Below are records; count the lines among them that include the string "Gift", and state only the number.

EXCERPTED DATA —
□ □ □

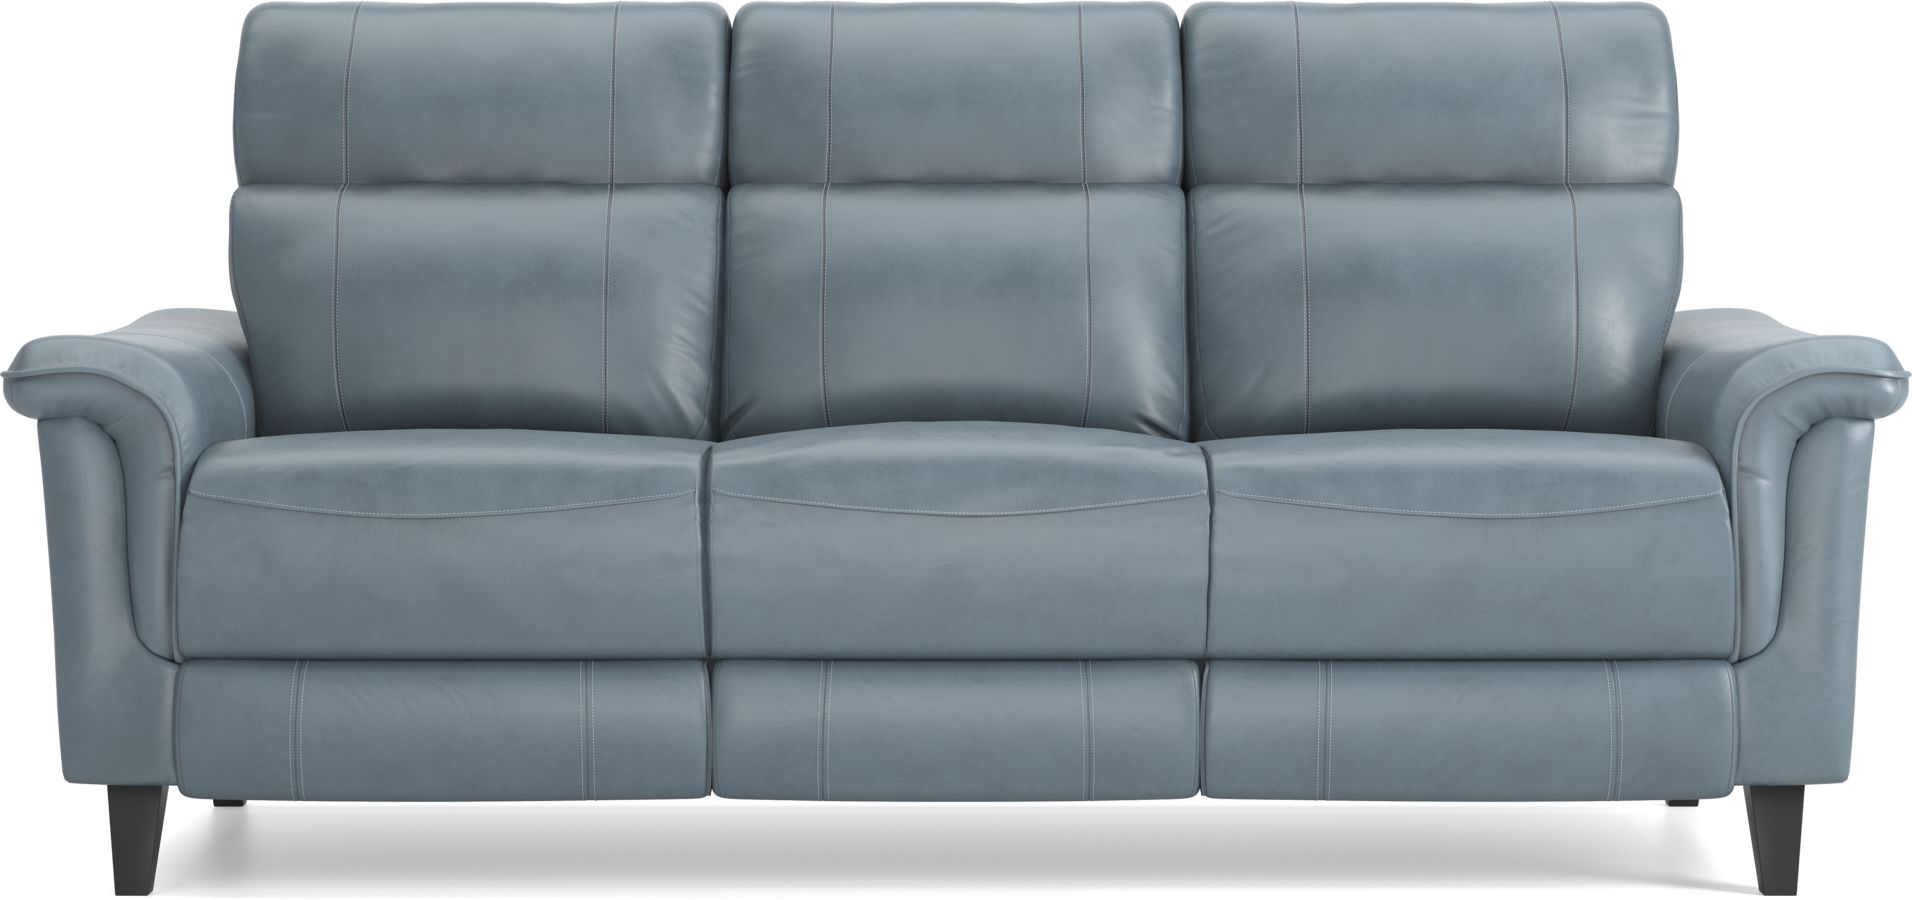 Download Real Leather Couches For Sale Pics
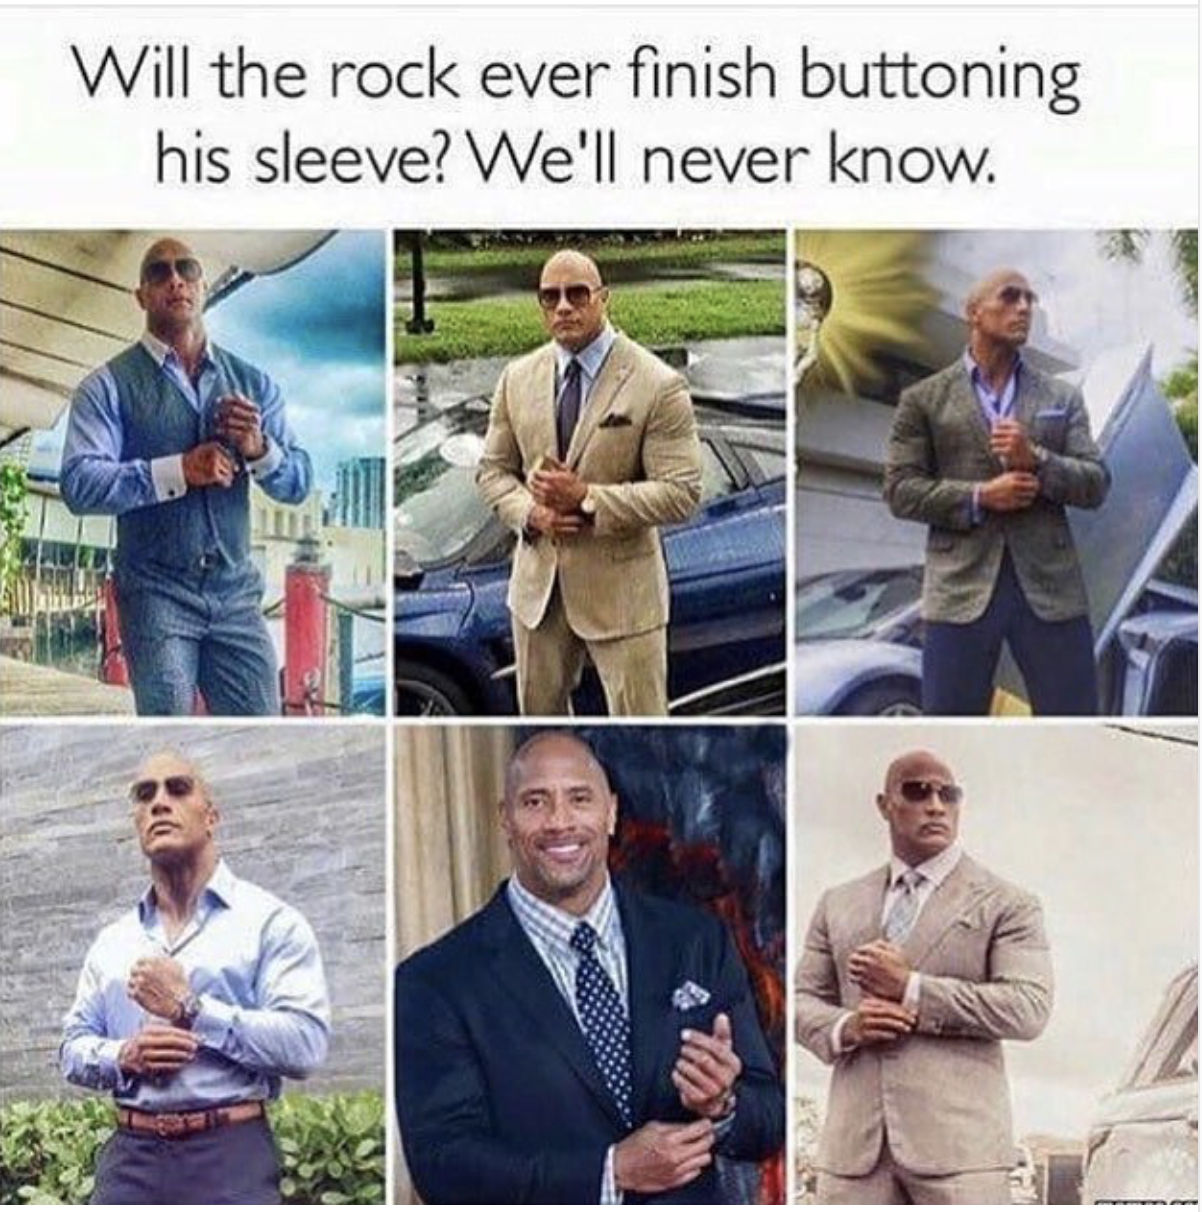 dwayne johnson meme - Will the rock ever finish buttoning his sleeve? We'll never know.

□ □ □

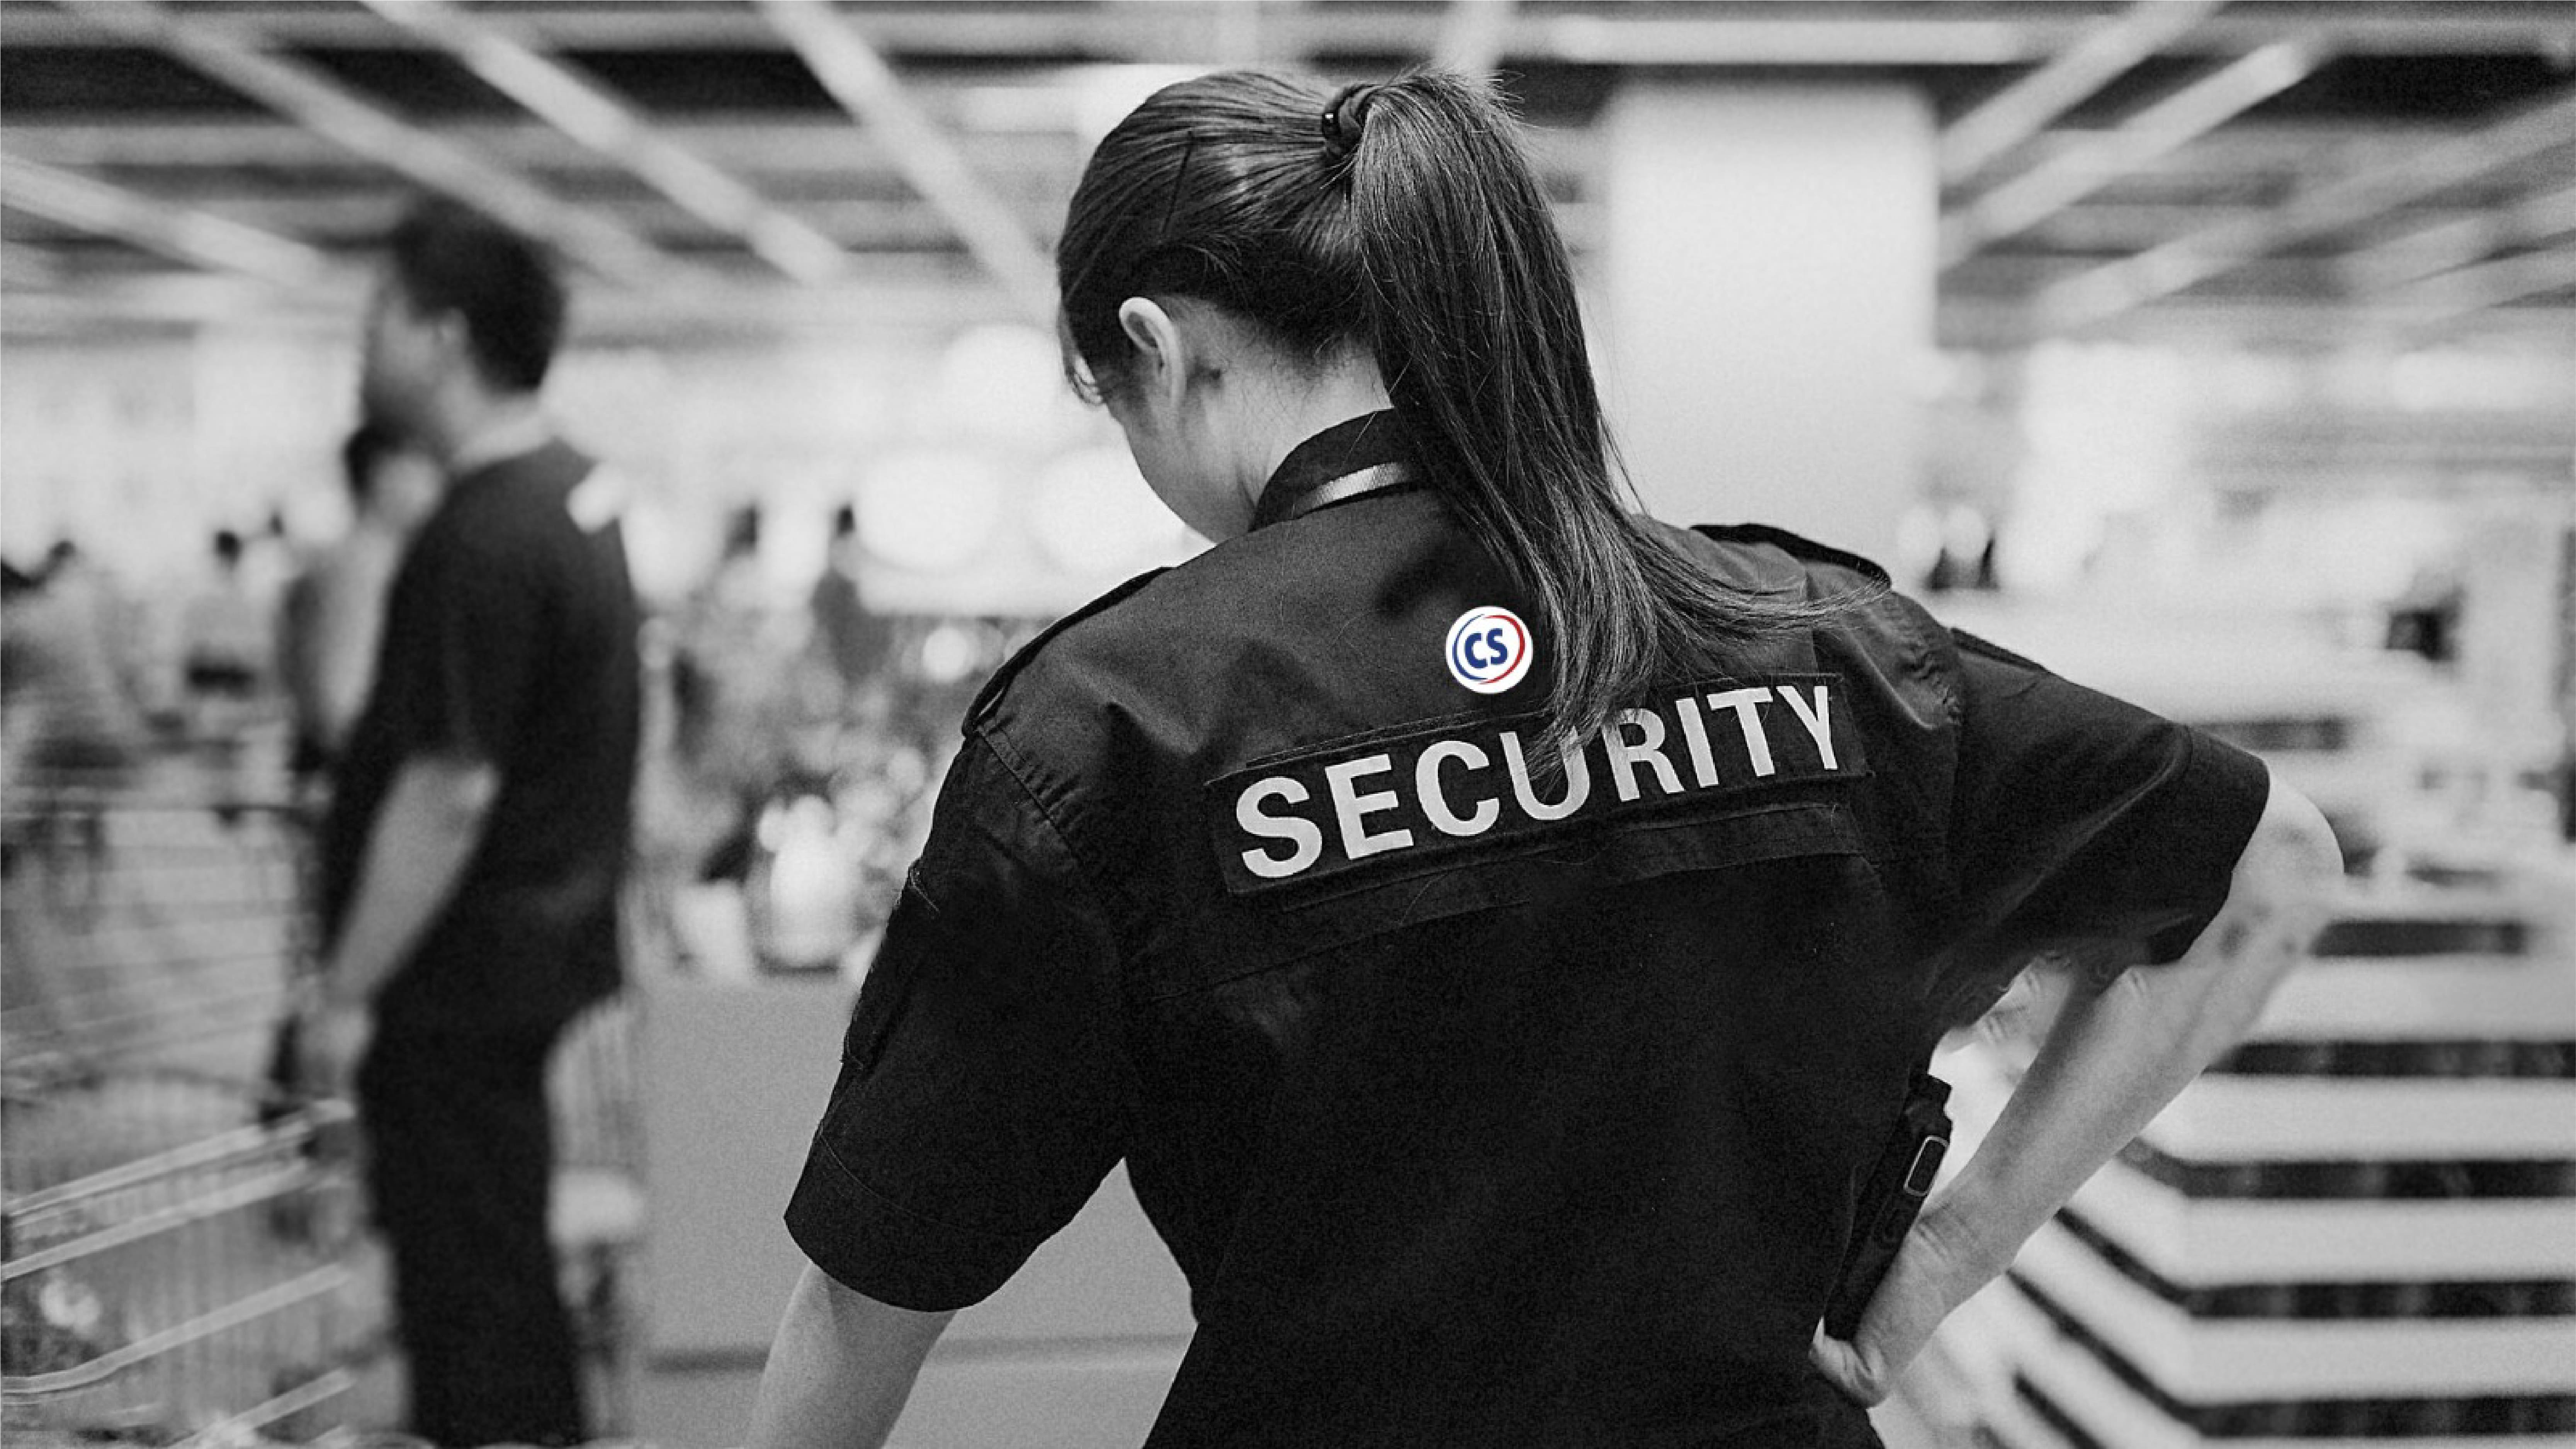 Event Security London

□ □ □

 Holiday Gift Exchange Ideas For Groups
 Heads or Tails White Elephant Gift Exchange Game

□ □ □

SOLUTION —
2